**Task prompt:**
Please set down only the lines below starting with the line with "CE mark symbol." and going on through the line with "This little neoclassical", verbatim and without pictures.

**Data under study:**
········

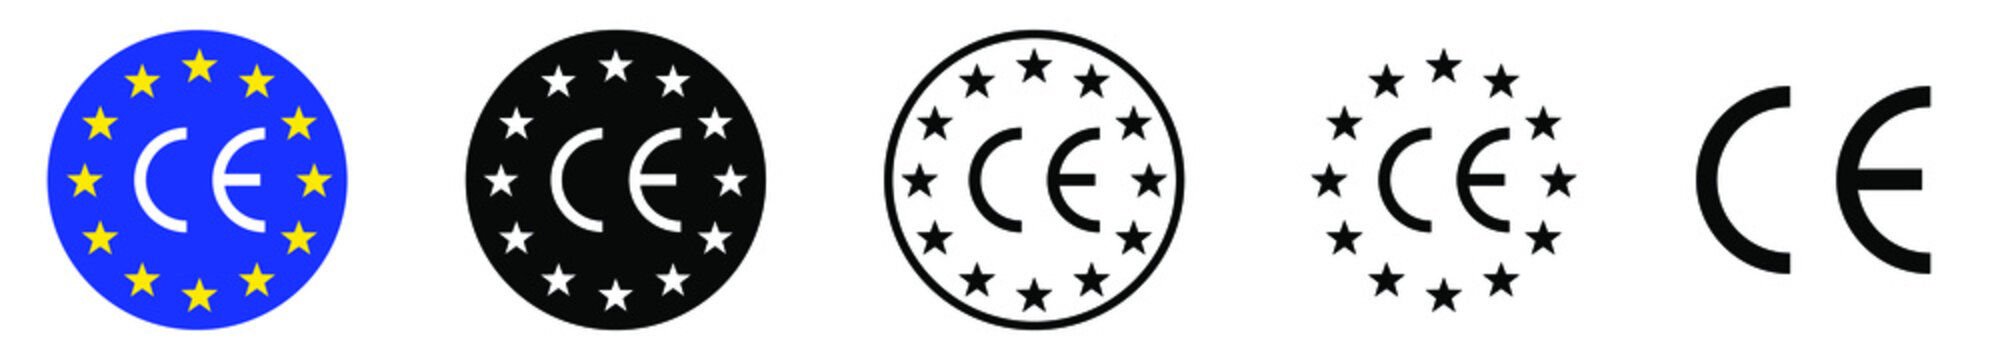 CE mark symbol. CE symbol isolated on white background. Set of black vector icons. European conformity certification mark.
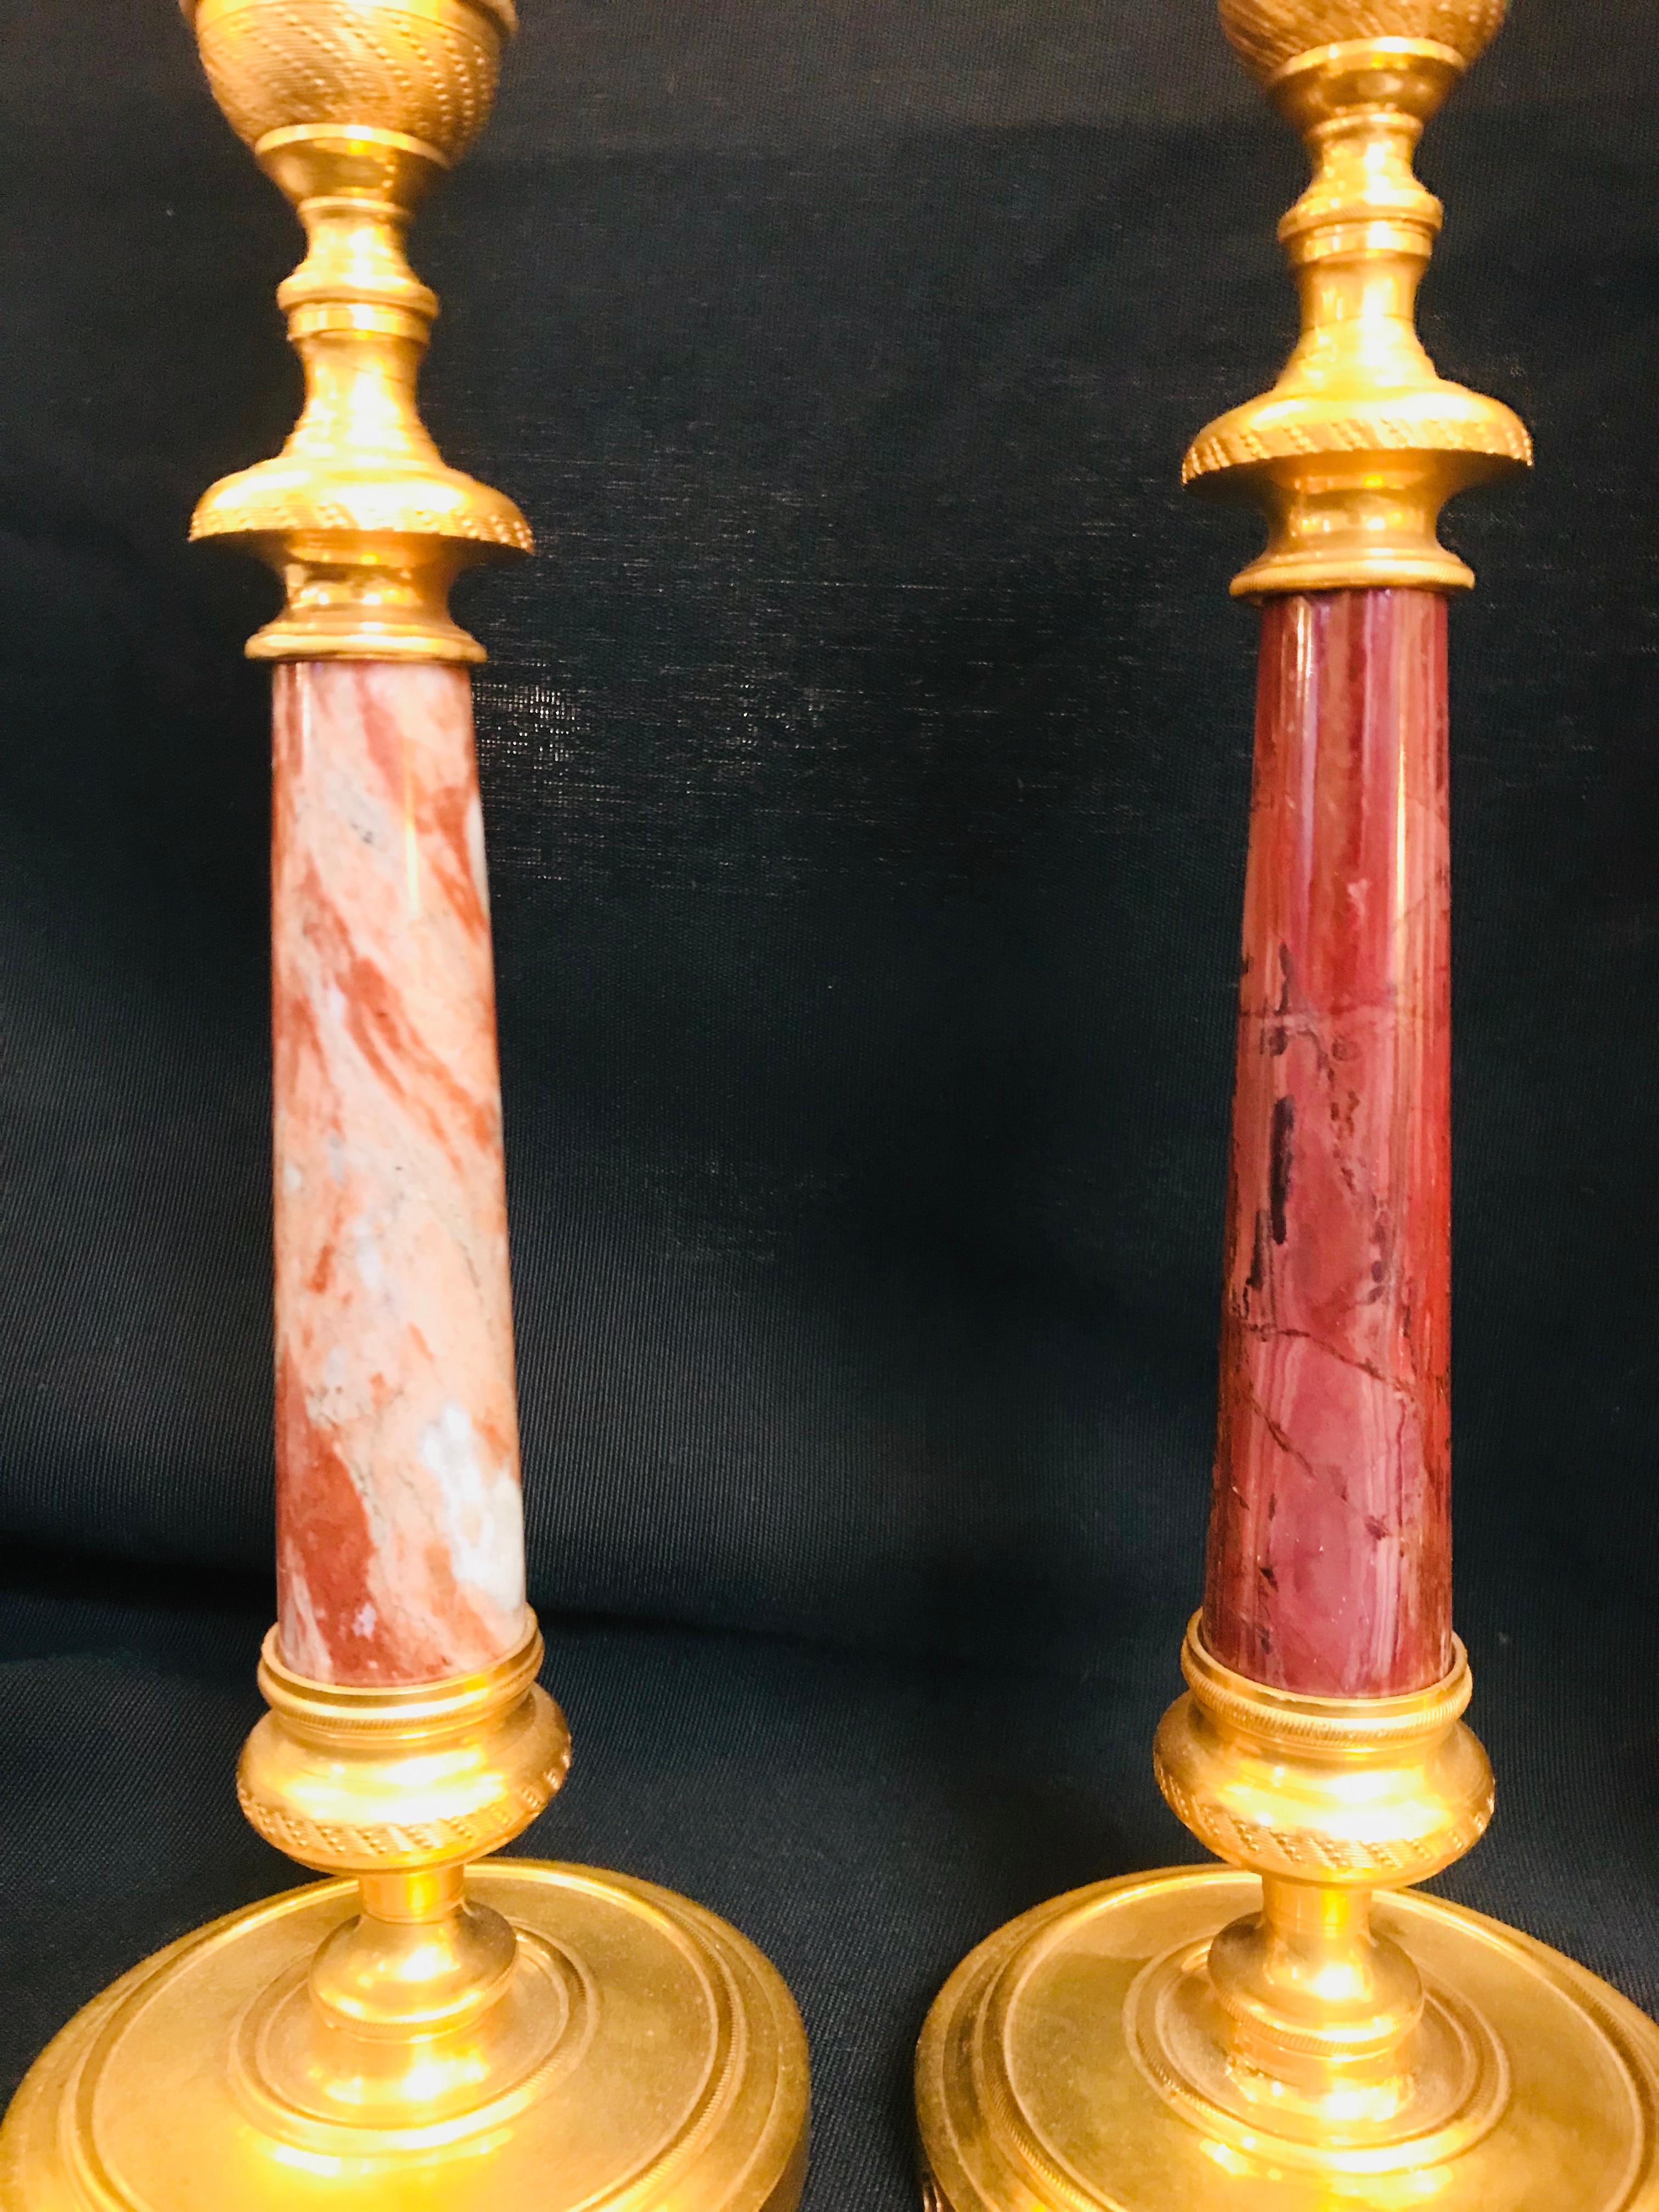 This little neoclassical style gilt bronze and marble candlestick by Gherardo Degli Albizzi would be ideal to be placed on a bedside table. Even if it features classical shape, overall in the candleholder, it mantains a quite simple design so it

········

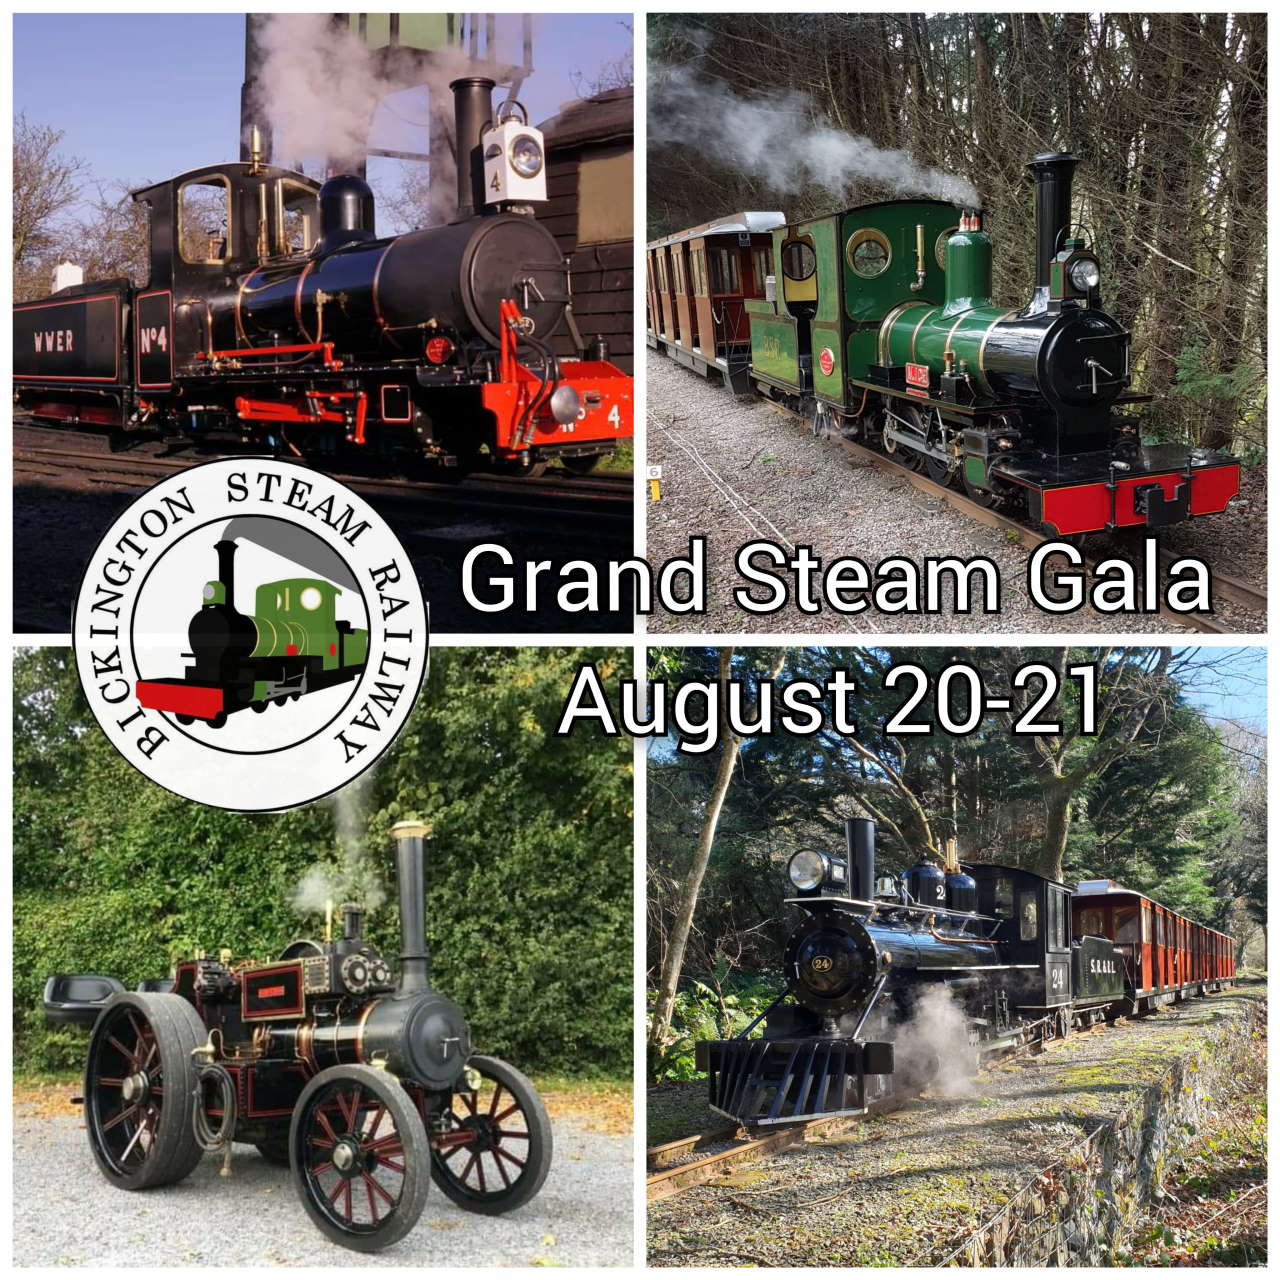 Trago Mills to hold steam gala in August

········

**The completed task:**
 CE mark symbol. CE symbol isolated on white background. Set of black vector icons. European conformity certification mark.
 This little neoclassical style gilt bronze and marble candlestick by Gherardo Degli Albizzi would be ideal to be placed on a bedside table. Even if it features classical shape, overall in the candleholder, it mantains a quite simple design so it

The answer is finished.